You can see it tried to request the value and it was not returned, instead it was null. In fact, I think when I first testing this for this log, in fact I was relying on the fact it was a Driver Set level GCV and Named Password. Who wants to maintain this all over the place and the inheritance works great in the engine. Alas.

As a side note, in order for Named Passwords to be retrievable from within workflows, there is a GCV on the User Application, with a specific name you need to enable/add. It must be named "allow-fetch-named-passwords" and the value must be "true". The later User Application packaged drivers seem to ship with the value defined but not enabled. Alas, in order for it to take affect, you not only need to restart the User Application driver, you also should restart the User Application web app, which can take some time. This is also true when you make changes. I cannot quite figure out the specifics of when the web app MUST be restarted vs when it must not, but it is just easier to restart it than waste time fighting the issue.

2016-06-28 15:37:36,368 [pool-4-thread-10] DEBUG com.novell.soa.af.impl.core.DataItemEvaluator- [RBPM] evaluating source expression: GCV.get('UAProvURL')   '/role/service'

My next item in the Pre-Activity is to get the URL for the SOAP endpoint. I hate hard coding strings like this, especially URL's which invariably change. Thus I used a GCV for the basic User App URL and appended the text string to get to the SOAP endpoint for Role operations. (There is a resource/service and other endpoints. If you go those URL's and append ?WSDL you should be able to see and download the WSDL XML file. Open that in SOAP UI a free tool for doing SOAP work, and you can read what the various functions are available.
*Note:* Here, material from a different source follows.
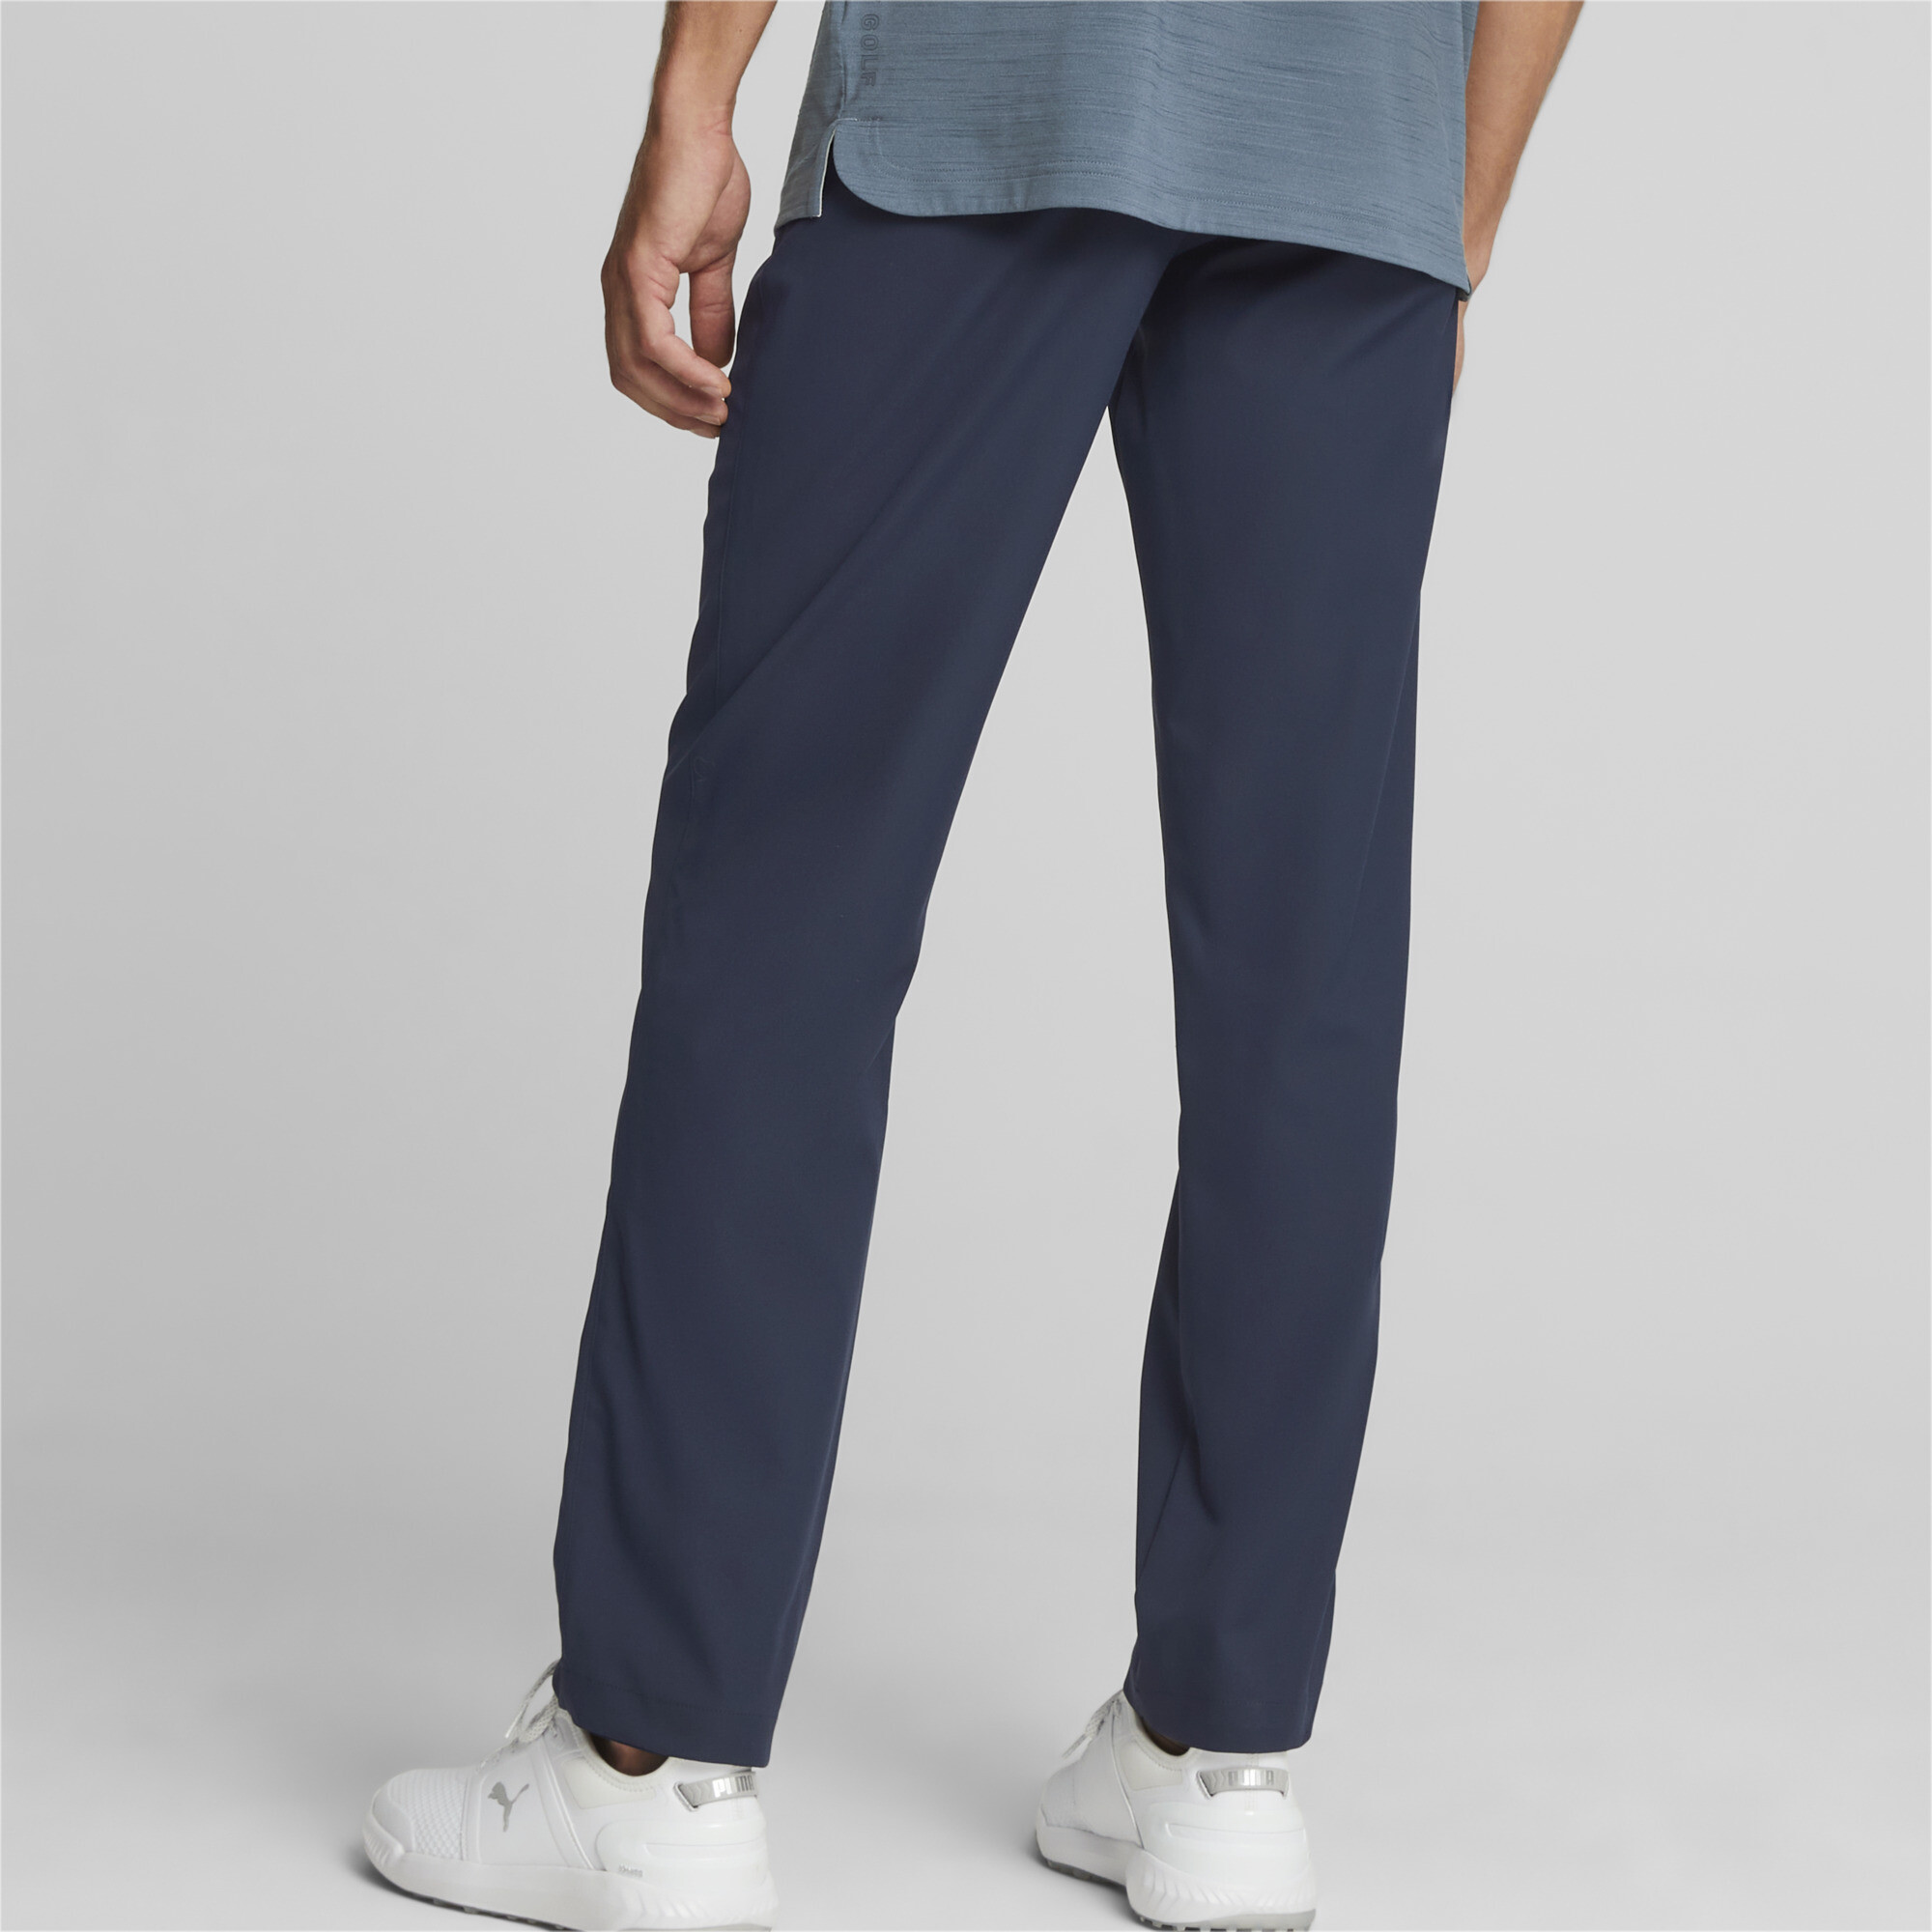 Men's Puma Dealer Golf Pants, Blue, Size 32/32, Clothing

2016-06-28 15:37:36,368 [pool-4-thread-10] TRACE com.novell.soa.af.impl.scripting.GCVScript- [RBPM] Calling extended operation (GetDriverGCVResponse) lCtx.extendedOperation(new GetDriverGCVRequest(cn=UserApplication,cn=dset,ou=idm,ou=system,o=acme, UAProvURL));

This looks like the same function call from the password one, but you will note it specifies the object DN of the User App driver, and the name of the GCV. This leads me to think it may not inherit properly, unless this specific function in the engine knows how do the inheritance check, and always report back a single value. I.e. Leave the hard work in the engine. But I am not certain.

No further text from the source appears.